August 12, Ulaanbaatar, final destination

We made it. We just arrived at a hotel in Ulaanbaatar. 16 countries and over 10,000 miles of road are now behind us. After driving into the night on Wednesday we pitched the tent alongside a dirt road just off of the highway. When we woke up in the morning a convoy of military vehicles was rumbling by and as we crawled out of the tent we saw that we were right next to the gates and barbed wire of a military installation. There was a large sign in Cyrillic that looked like a warning sign so we packed up in a hurry and went looking for the border. It turned out we were only about a kilometre from the border so we were in the lineup within minutes. Once we joined the line of cars that had been waiting there all night I fired up the camp stove and started cooking up some roisti and boiled water for coffee, Just like everywhere else we go we started attracting curious onlookers so I started offering roisti and coffee to anyone that came close. After an hour and a half we had served breakfast to about a dozen people and it was time to go through the Russian exit process. This process which included a vehicle search and plenty of stamps in the passport and on various other documents that border guards are so fond of took just about 2 hours and off we went to the Mongolian side.
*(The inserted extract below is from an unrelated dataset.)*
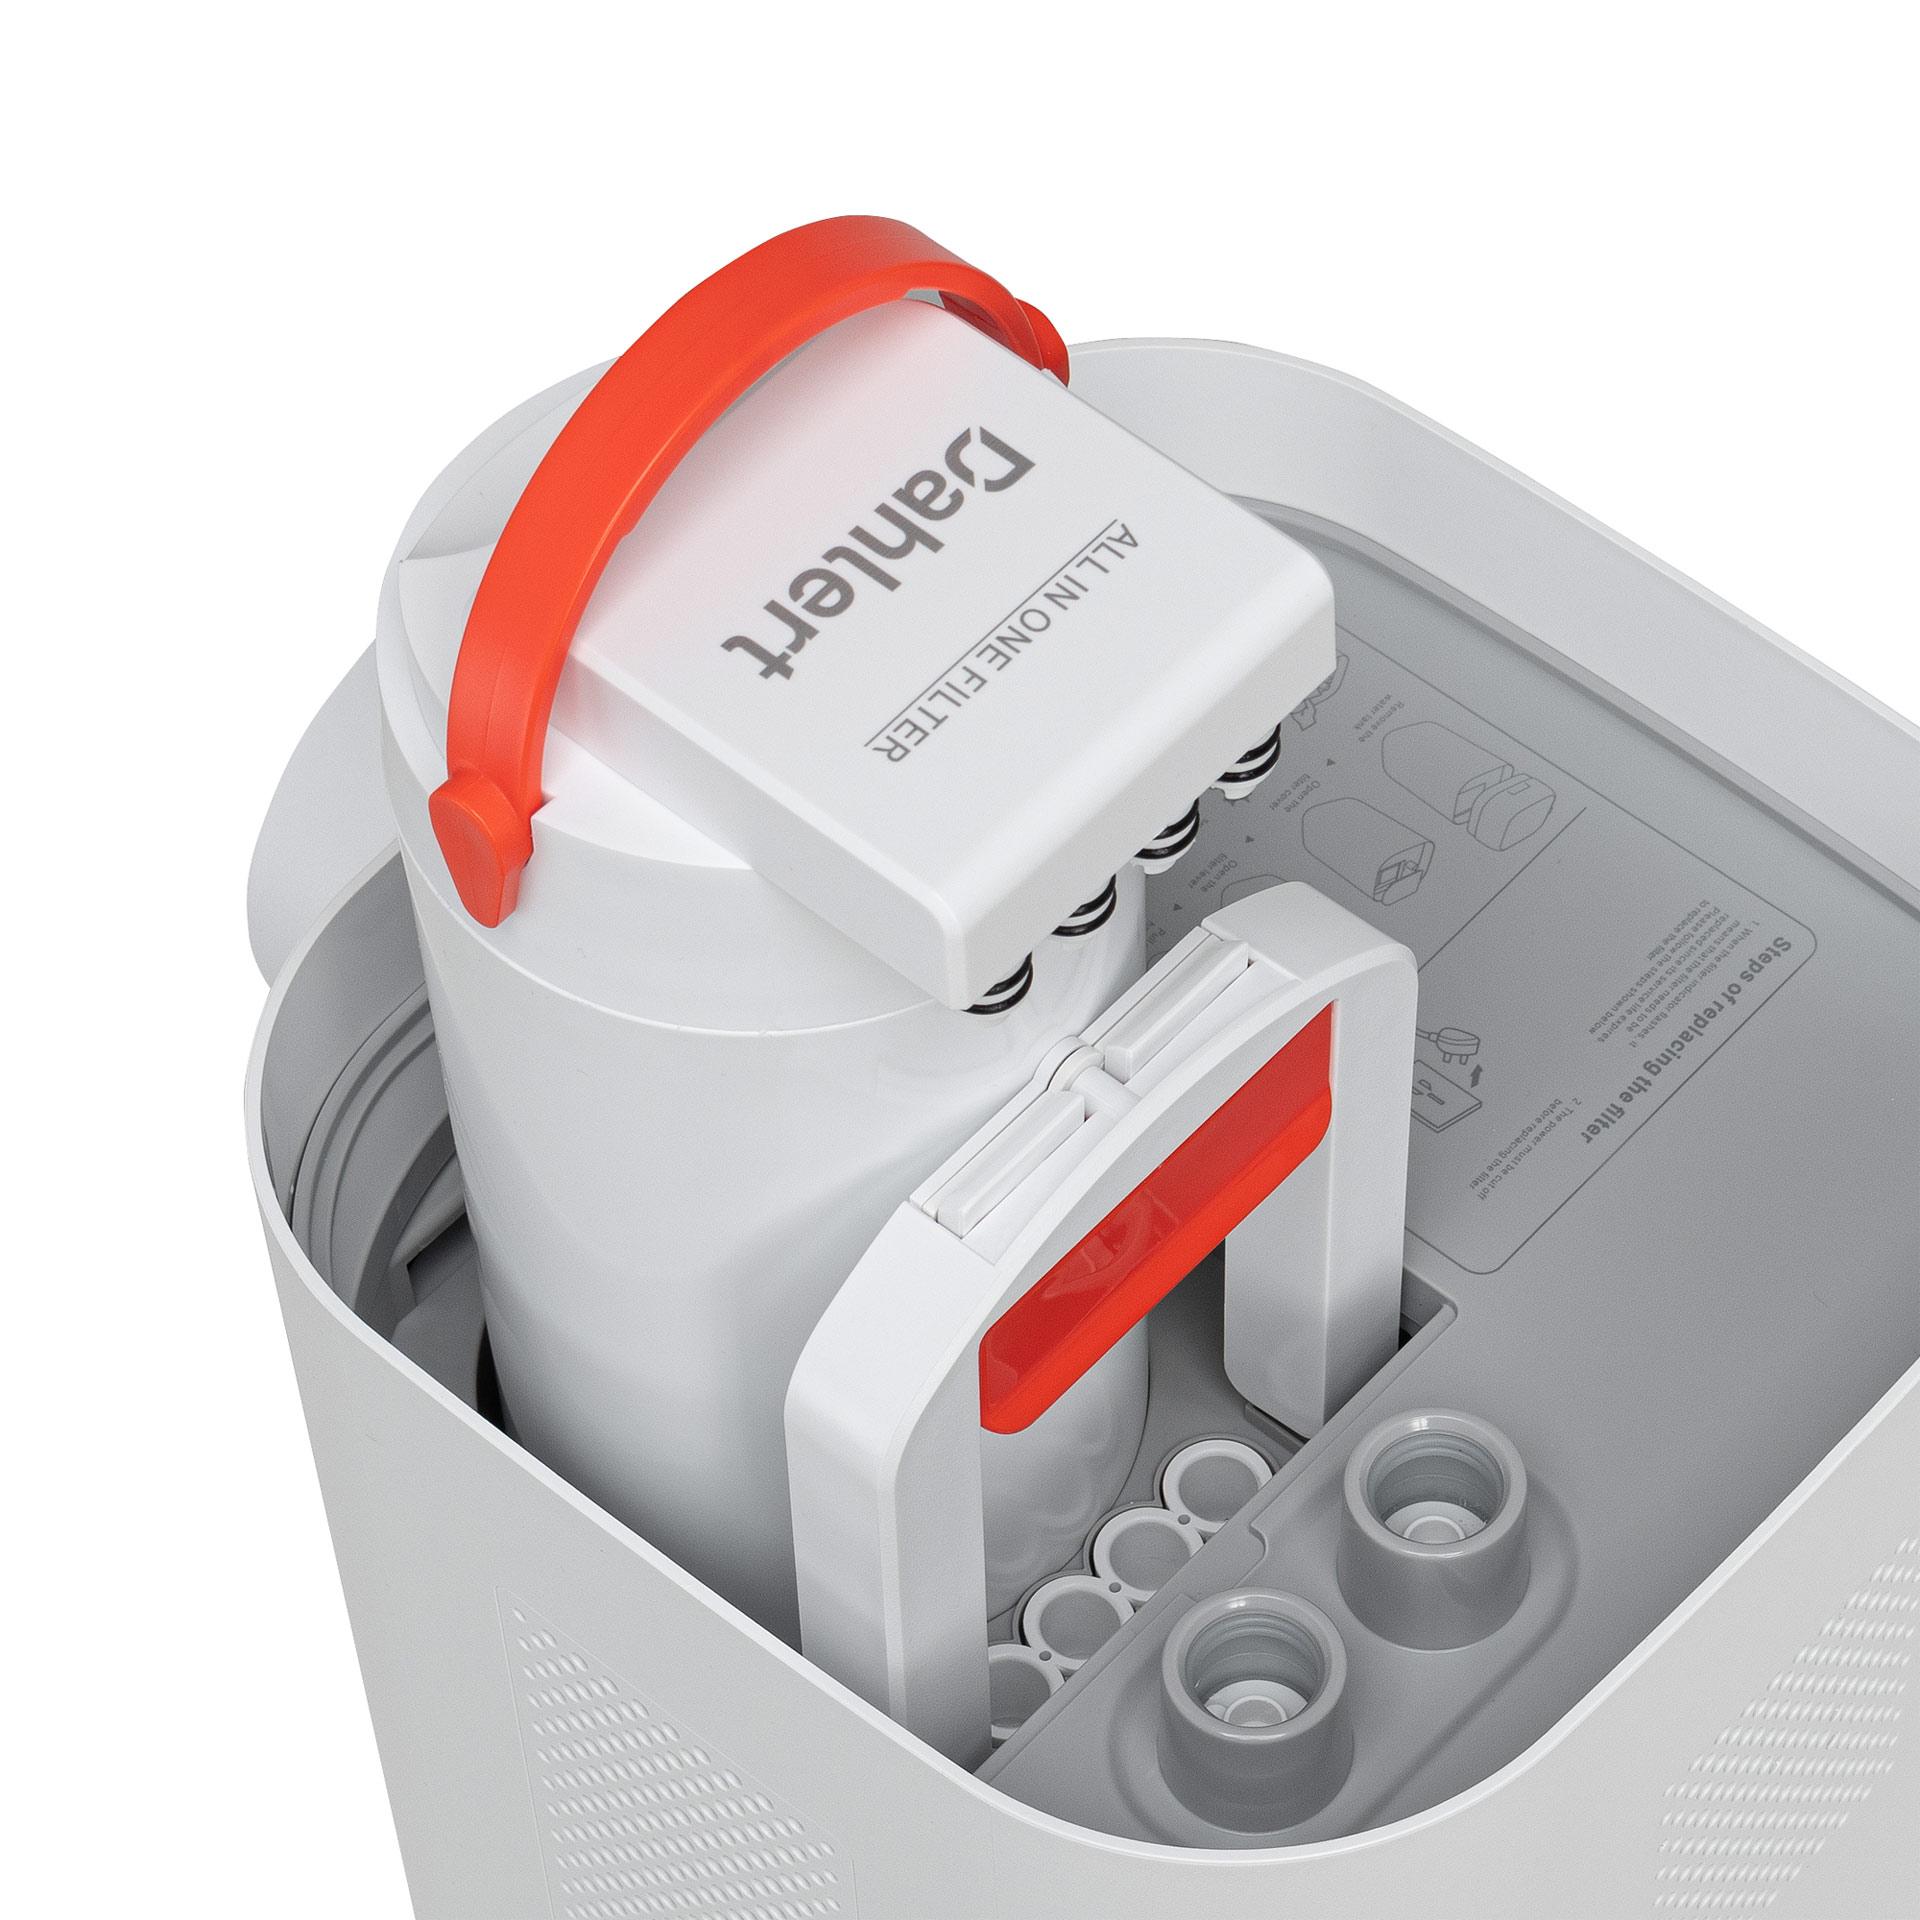 Dahlert DT-Wf-20 Ersatzkartusche - einfacher Wechsel des All-In-One Filters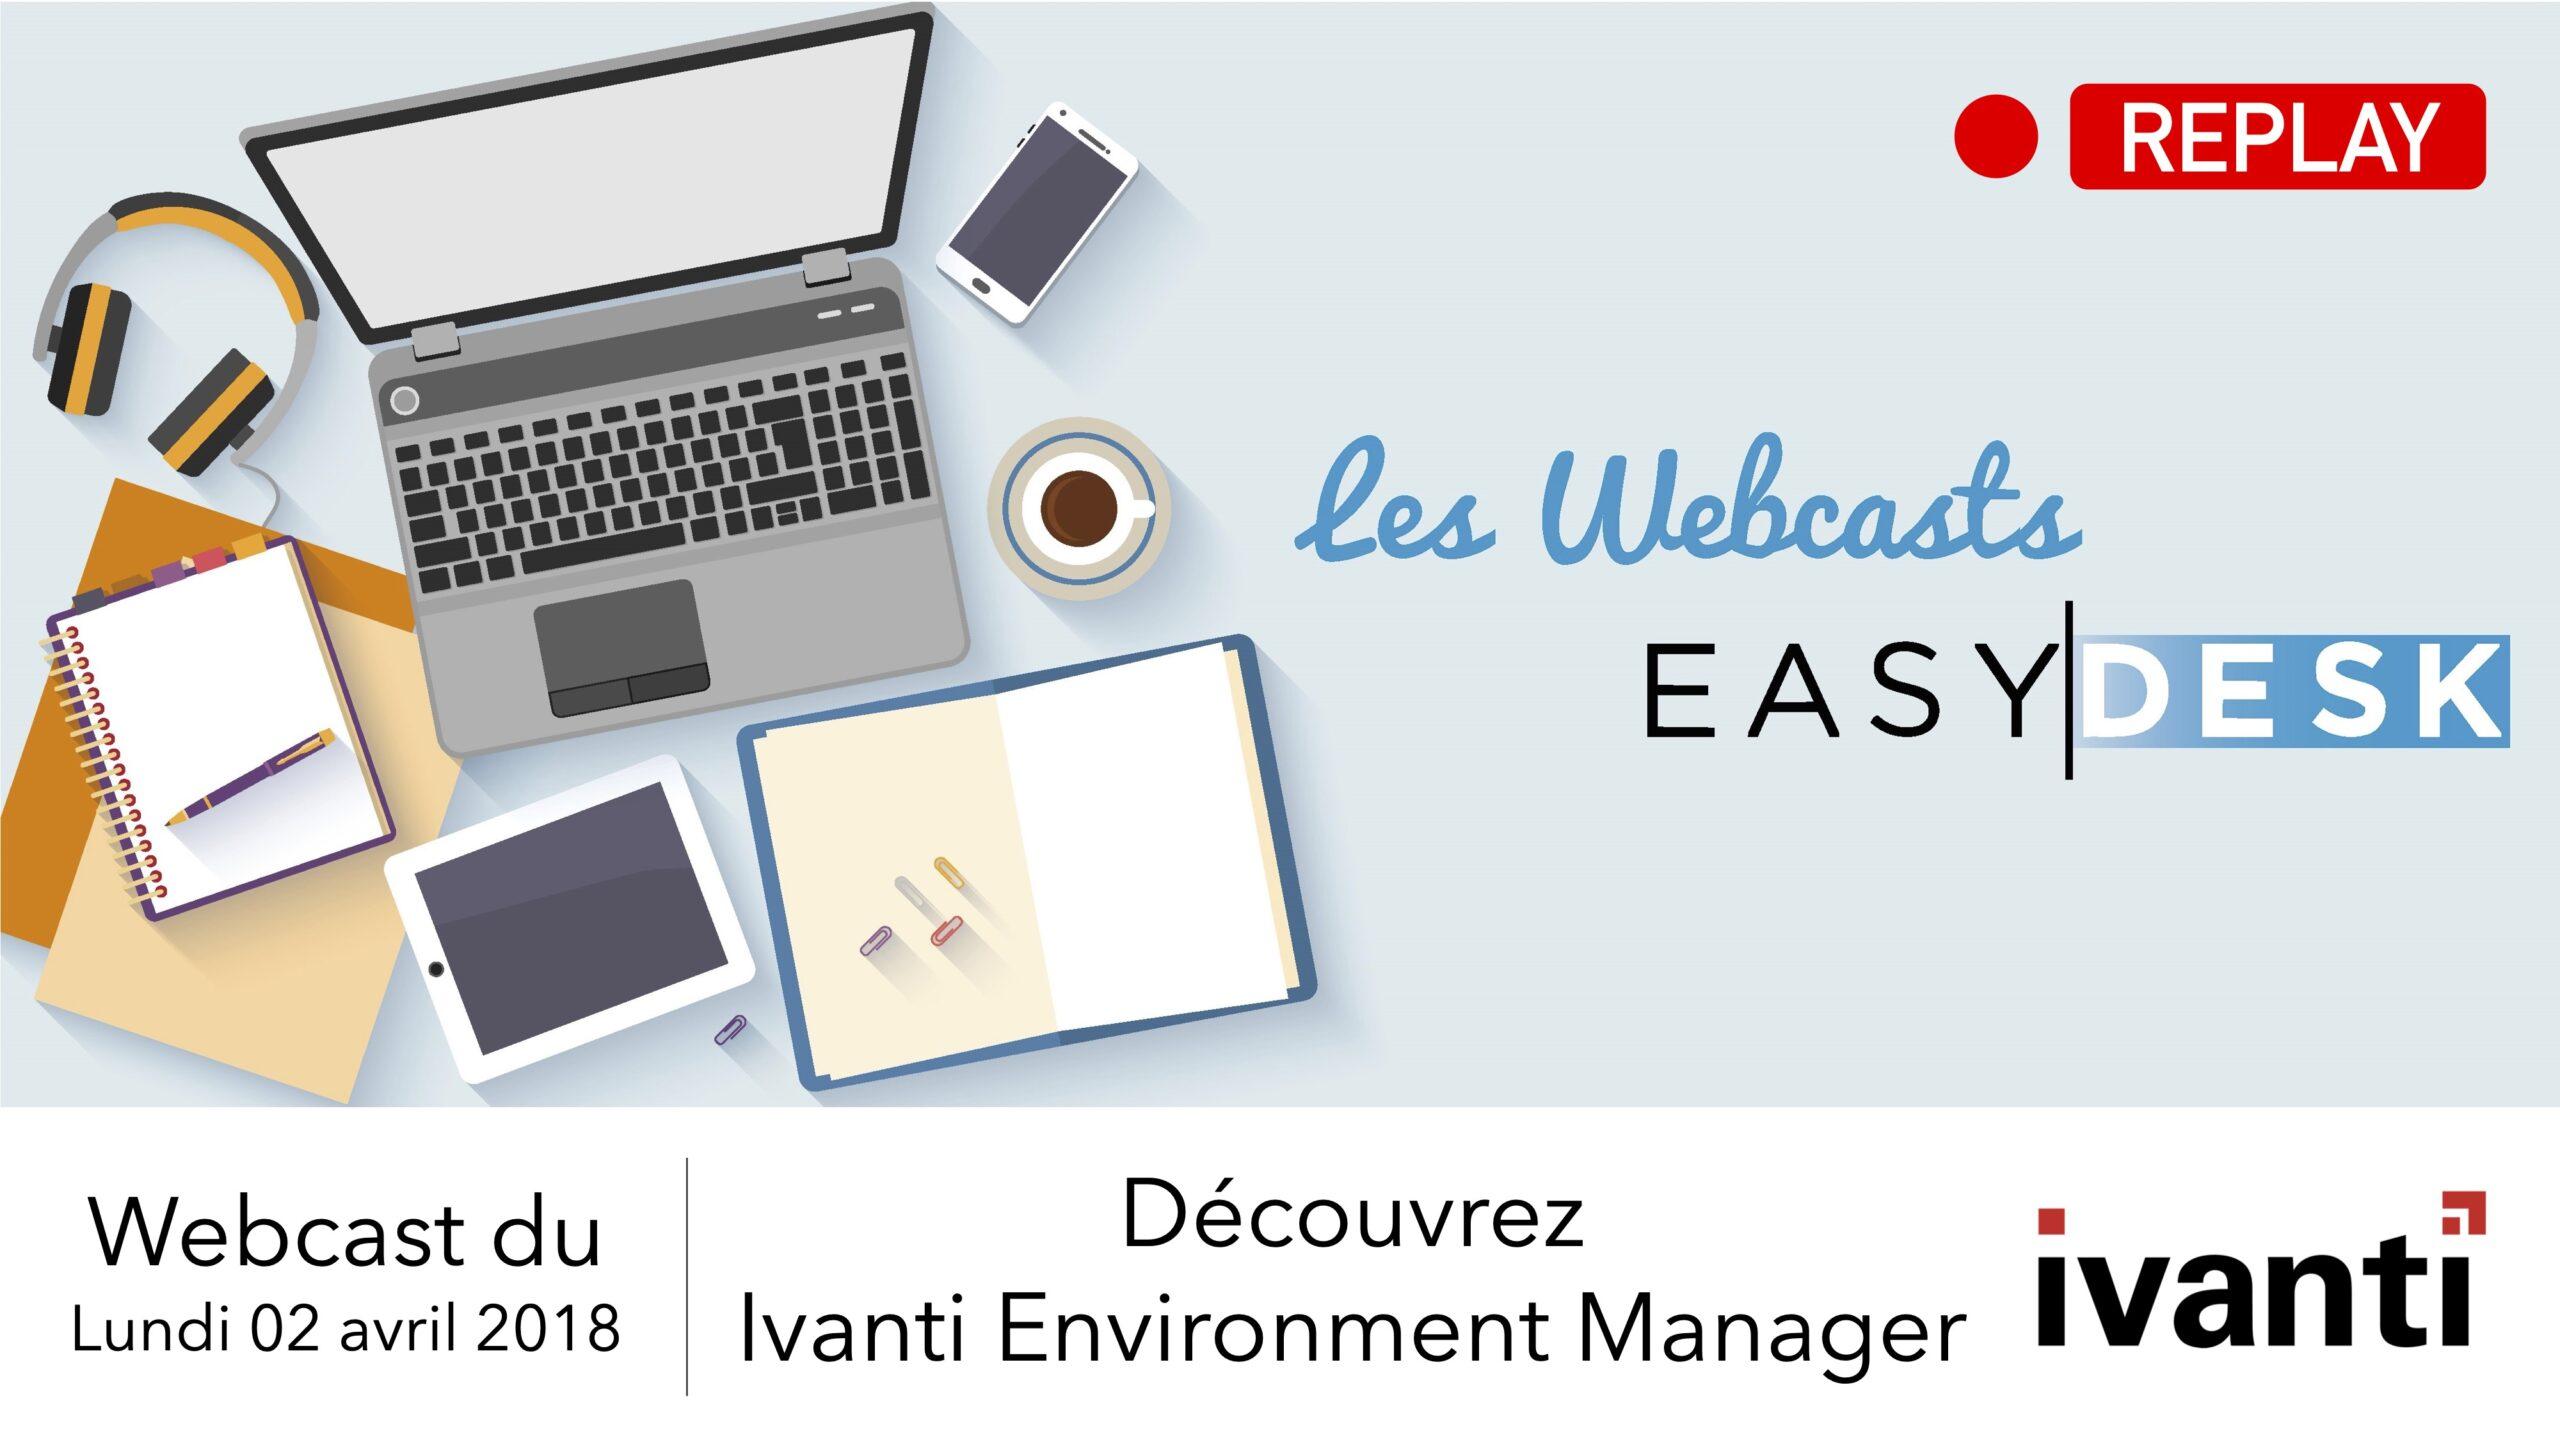 replay webcast : découvrez ivanti environment manager

Soon after we started the entry procedure on the Mongolian side we were told that the Adventurists had not paid the necessary duty to allow our vehicle to enter and besides there are problems with the description of the vehicle so we would not be allowed to enter Mongolia. It turned out that the vehicle make and model number, the licence number, and the chassis number were all correct but the vehicle was listed as being red when it was very obviously blue. A red car is not a blue car so this might not be the same car that was on the list. Hour after hour dragged on until it looked like this would be the end of the road for us. We decided that we would have to unload everything that we needed to take with us, leave the car at the border and let the Adventurists figure it out.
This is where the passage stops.